L'ULg trouve un partenaire au Texas pour mieux valoriser la biomasse

Les chercheurs de Gembloux se focalisent sur les propriétés de conduction de la lignine, un composant du bois. ©Biosphoto

Agro-Bio Tech et l’université Texas A&M s’unissent pour chercher ensemble une valorisation non-énergétique de la biomasse. À Gembloux, on se focalise sur l’extraction d’une molécule à haute conduction électrique.

Qui dit biomasse dit chaudières à pellets ou production de gaz ou d’électricité à partir des déchets de matières organiques et ménagères. Chez Agro-Bio Tech, l’unité d’agrochimie de l’Université de Liège basée à Gembloux, on a choisi de chercher ailleurs des sources de valorisation de la biomasse. "En Wallonie, on ne voit que l’énergie, mais il y a d’autres possibilités, comme par exemple la conversion industrielle", souligne Eric Haubruge, vice-recteur de l’ULg.

Depuis quelques années, les chercheurs d’Agro-Bio Tech se focalisent donc sur le recyclage de la biomasse en matériaux à haute valeur ajoutée. Ils ciblent en particulier la lignine, une molécule brune que l’on retrouve notamment dans le bois et qui assure la rigidité des végétaux. L’idée, c’est d’en faire un superconducteur d’électricité.

"On pourrait produire des molécules à très haute valeur ajoutée susceptibles de remplacer certains métaux dans l’électronique."
Aurore Richel
Directrice de laboratoire à Gembloux Agro-Bio Tech

"Un de nos doctorants a découvert que la lignine, une fois extraite et modifiée, peut avoir des propriétés électriques intéressantes. On pourrait alors produire des molécules à très haute valeur ajoutée susceptibles de remplacer certains métaux dans l’électronique", explique Aurore Richel, directrice du laboratoire de chimie biologique industrielle de Gembloux Agro-Bio Tech.

"Nous étudions aussi la possibilité d’utiliser cette biomasse pour des additifs, comme par exemple des antioxydants qui empêchent les plastiques de jaunir, une application qui pourrait aussi être utilisée dans des produits cosmétiques", ajoute-t-elle.

Heureuse coïncidence, l’université Texas A&M, liée depuis 2009 à un partenariat avec l’Agence wallonne à l’exportation (Awex), travaille sur la biomasse avec le même but: la valoriser au maximum. Si les chercheurs texans se focalisent sur la production de fibre de carbone, leurs homologues wallons se concentrent sur la conduction électrique.

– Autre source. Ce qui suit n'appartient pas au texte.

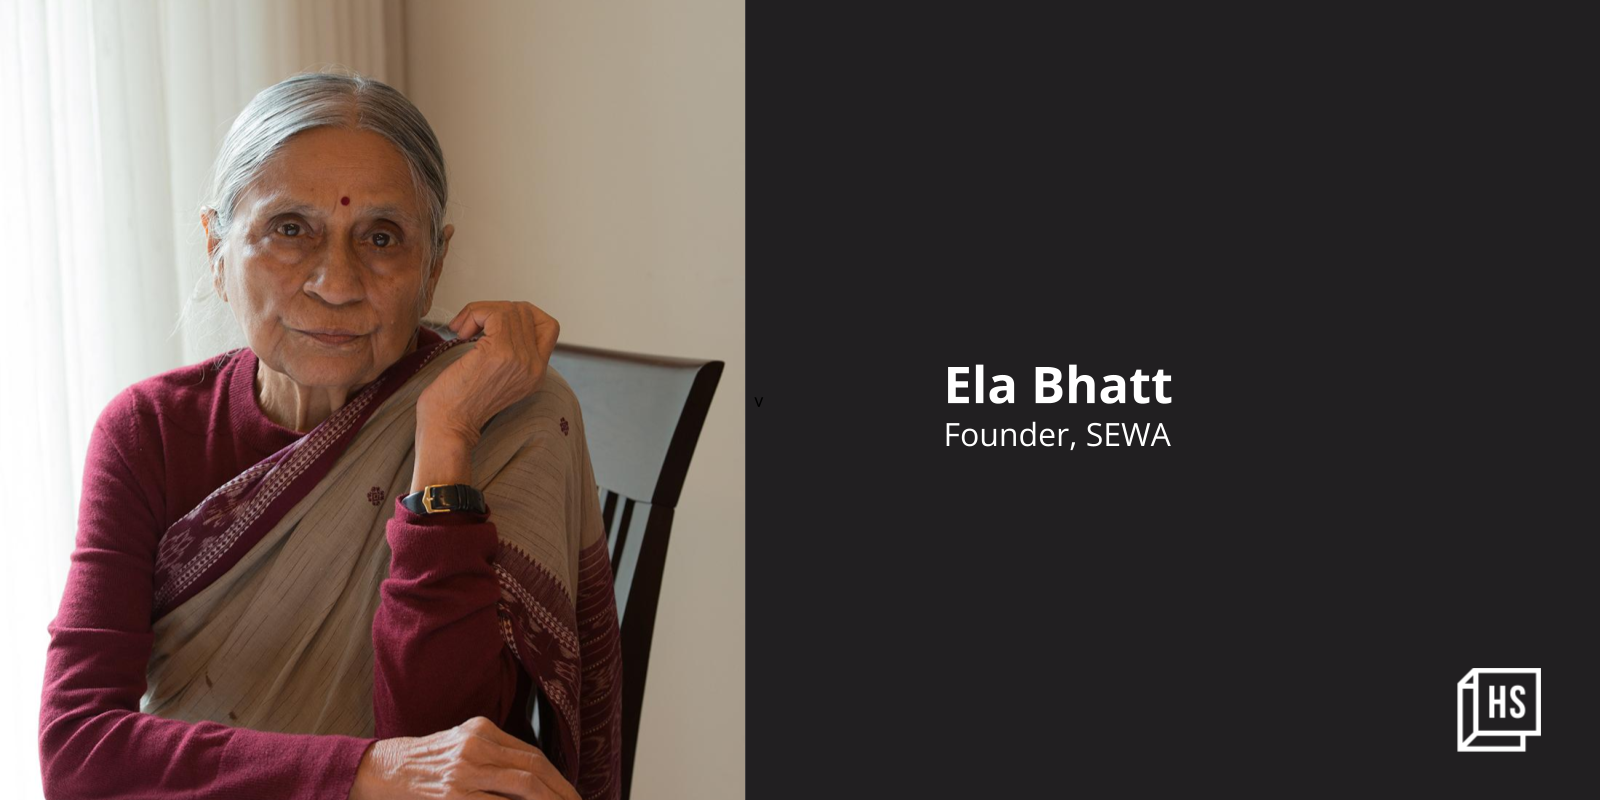 Women's rights activist, SEWA founder Ela Bhatt passes away

Les chercheurs des deux universités ont décidé d’unir leurs efforts, l’objectif étant de créer un laboratoire international virtuel ouvert à d’autres partenaires potentiels et qui se consacrerait à la valorisation de la biomasse. Celui-ci devrait s’ouvrir au début de l’an prochain, pour être pleinement opérationnel à la rentrée académique 2018-2019.

Application industrielle

Les scientifiques belges et américains en sont encore au stade de la recherche fondamentale, mais une partie de leurs travaux est déjà assez avancée pour permettre d’envisager une application industrielle.

"Avec Texas A&M, nous nous donnons deux ans pour finaliser un projet concret", précise Aurore Richel. Celui-ci pourrait prendre la forme d’une spin-off commune, qui permettrait au partenaire texan d’être éligible à l’obtention d’aides européennes à la recherche et à l’ULg de bénéficier des aides américaines. Mais ce ne sera pas pour tout de suite. Il s’agira au préalable de lever l’obstacle de la propriété intellectuelle. "À ce stade, nous sommes propriétaires du savoir-faire en matière de molécules électriques à partir de lignine, Texas A&M restant propriétaire des fibres de carbone obtenues à partir de ce matériau", dit le Pr Richel. Chaque partenaire devra ensuite déclarer son savoir-faire existant pour pouvoir partager les futurs revenus commerciaux, avant une concertation pour déterminer qui fait quoi.